#### [WHAT YOU NEED TO DO]
From the first line to the last, copy the data exactly and drop the pictures.

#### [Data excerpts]
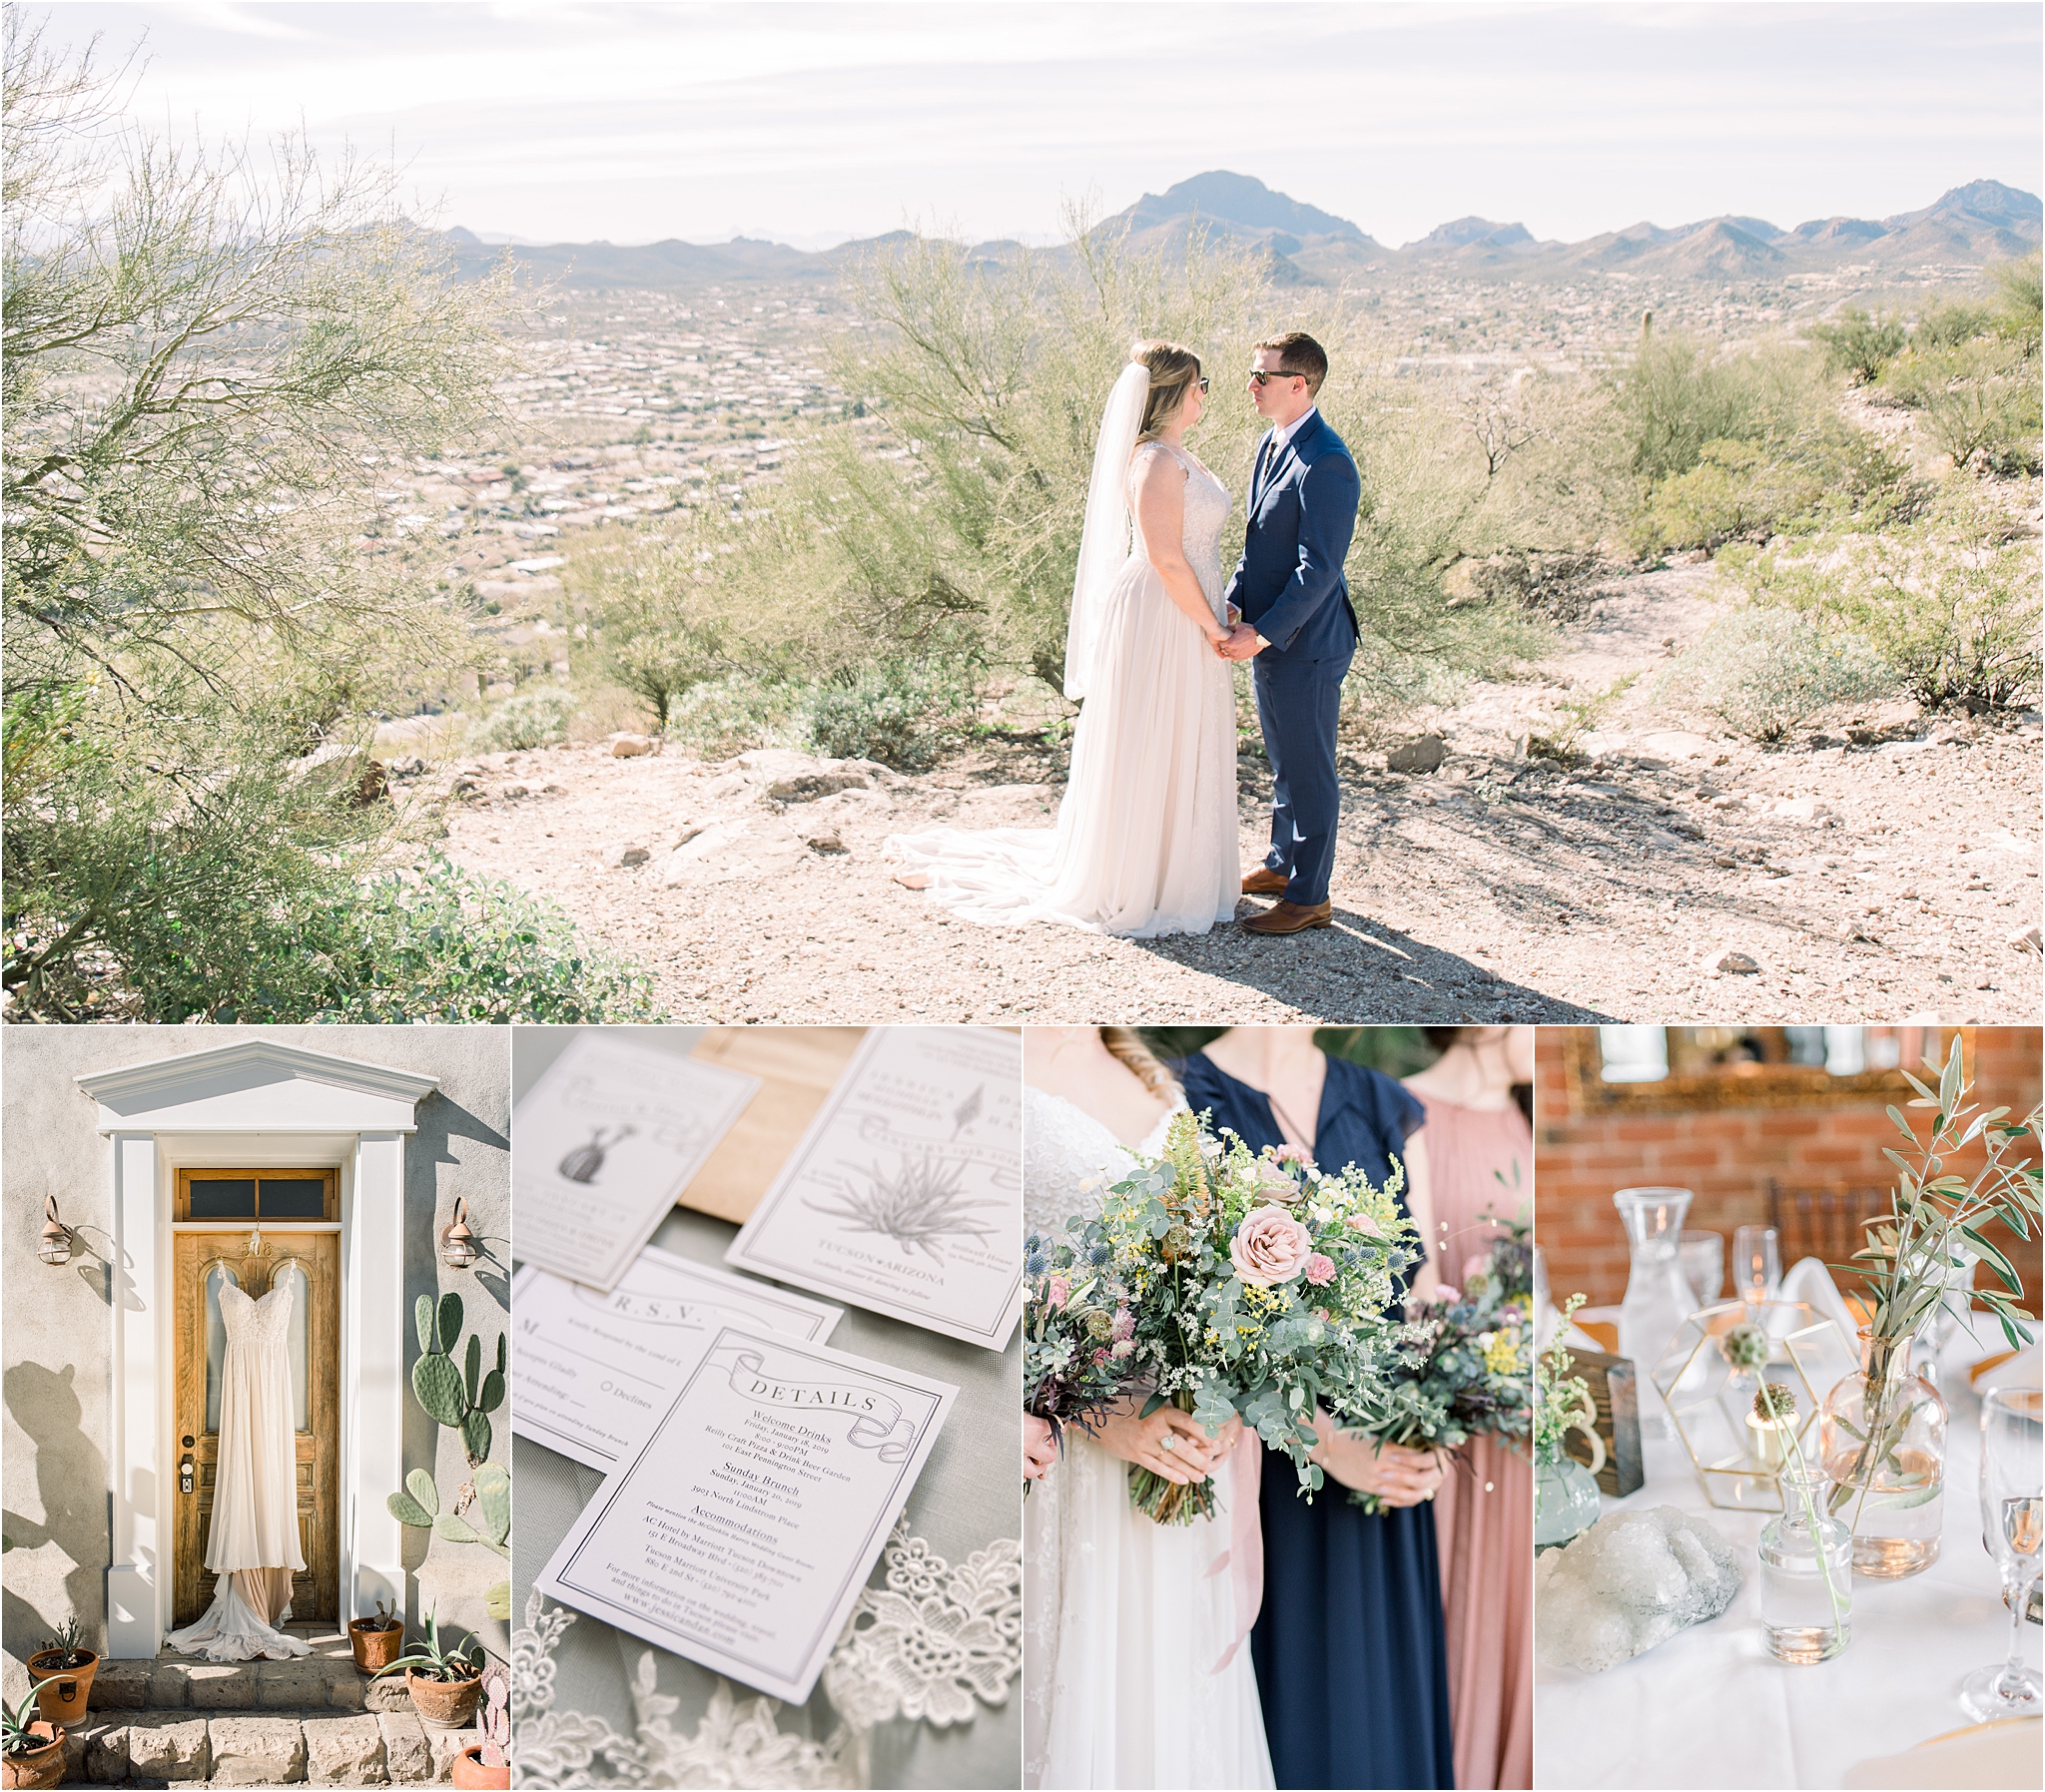 Stillwell House Wedding Tucson AZ Jessica and Dan bridal details | Tucson Wedding Photographer | West End Photography
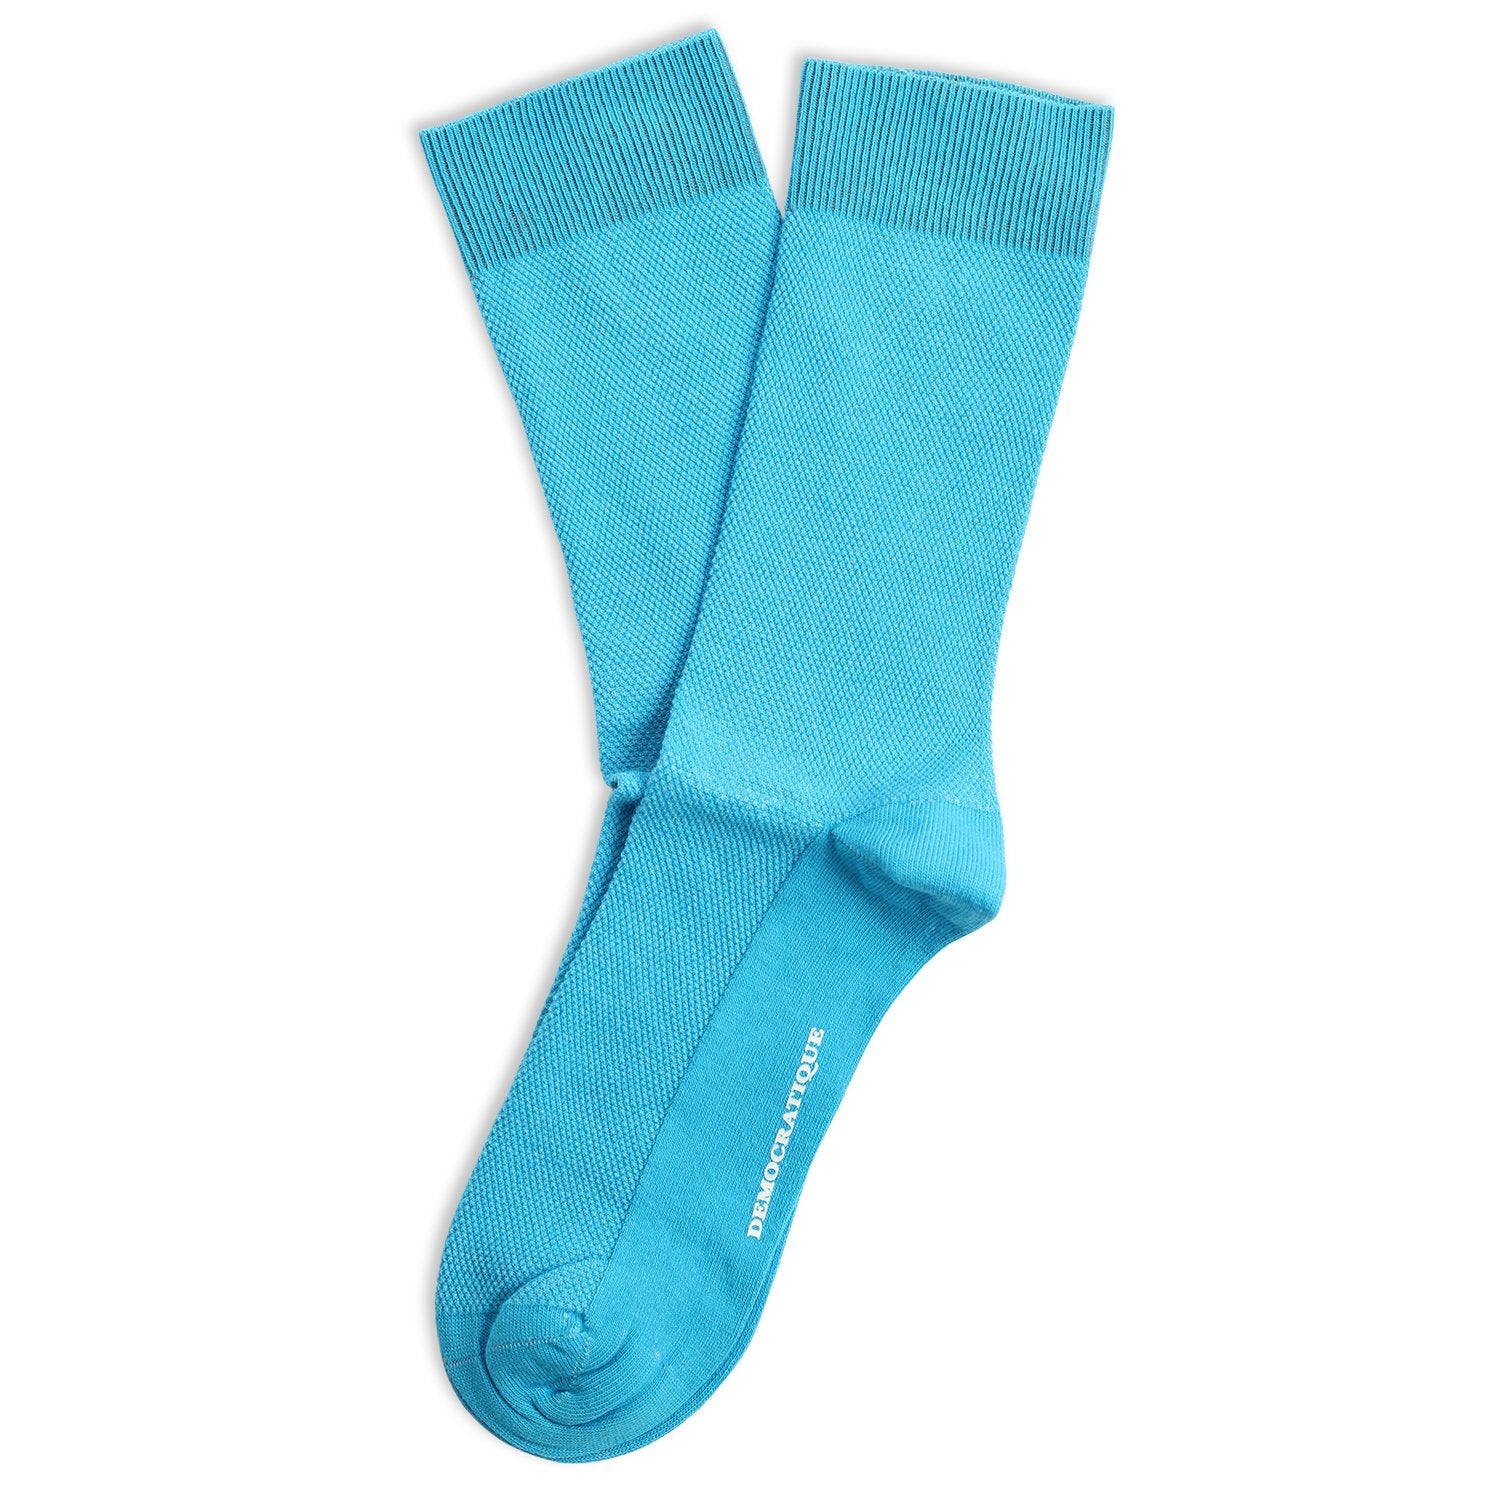 Swimmingpool pique socks | Champagne Swimmingpool | Democratique socks
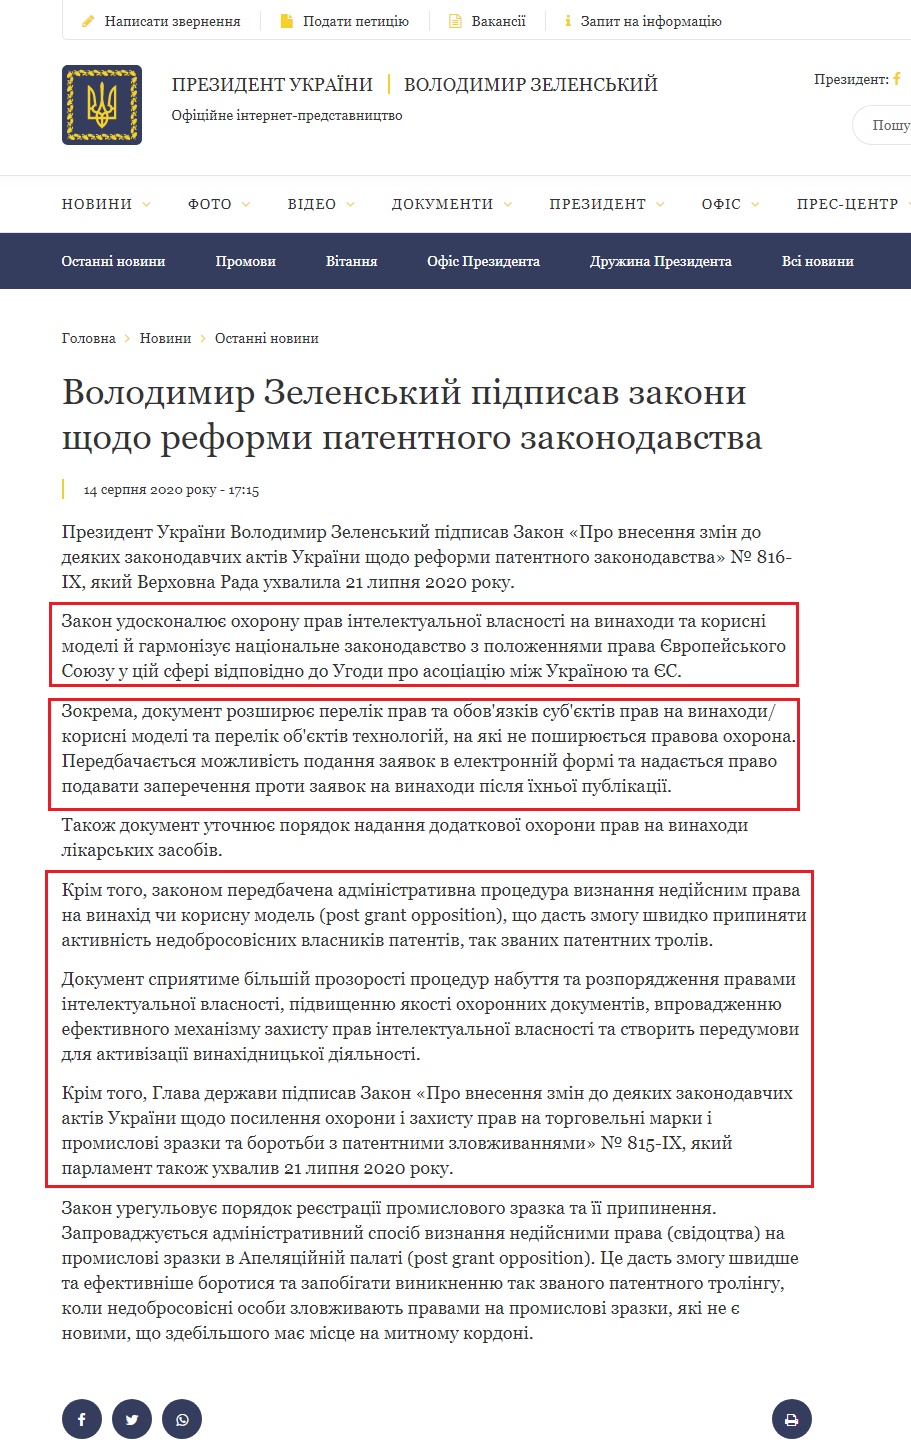 https://www.president.gov.ua/news/volodimir-zelenskij-pidpisav-zakoni-shodo-reformi-patentnogo-62741
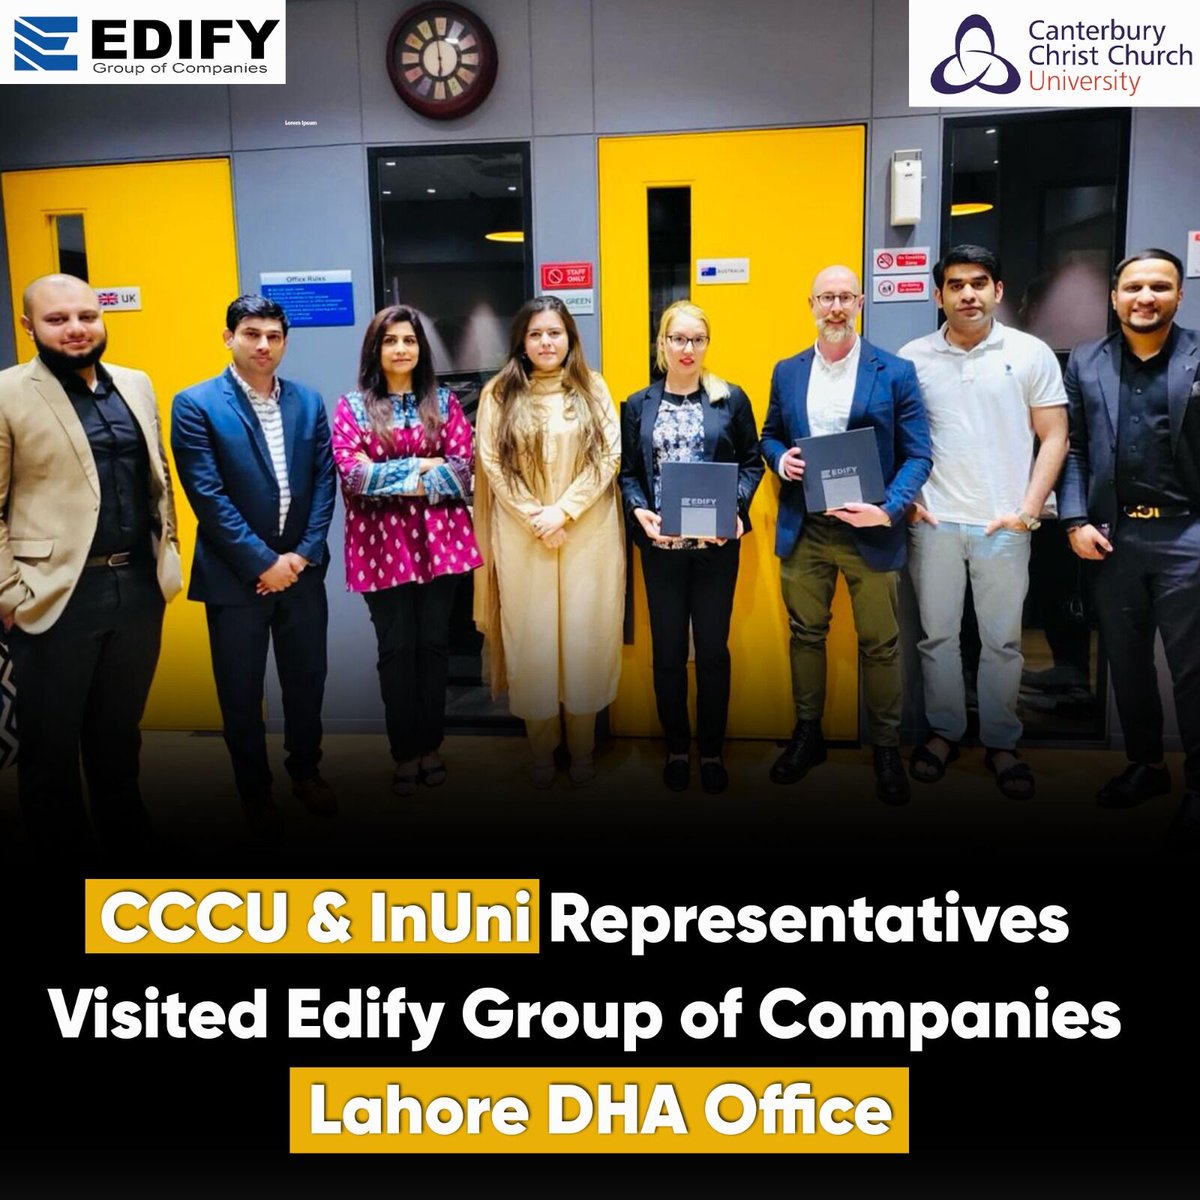 CCCU & InUni Representatives Visited Edify Group of Companies Lahore DHA Office.
.
#inuni #cccu #cccuuk #ukstudyvisa #uk #ukvisa #ukeducation #studyuk #ukuniversities #london #internationalstudentsinuk #ukscholarships #studyvisa #abroad #studyoverseas #edify #edifygroup

#### [REPLY TO THE EXERCISE]
 Stillwell House Wedding Tucson AZ Jessica and Dan bridal details | Tucson Wedding Photographer | West End Photography
 Swimmingpool pique socks | Champagne Swimmingpool | Democratique socks
 https://www.president.gov.ua/news/volodimir-zelenskij-pidpisav-zakoni-shodo-reformi-patentnogo-62741
 CCCU & InUni Representatives Visited Edify Group of Companies Lahore DHA Office.
.
#inuni #cccu #cccuuk #ukstudyvisa #uk #ukvisa #ukeducation #studyuk #ukuniversities #london #internationalstudentsinuk #ukscholarships #studyvisa #abroad #studyoverseas #edify #edifygroup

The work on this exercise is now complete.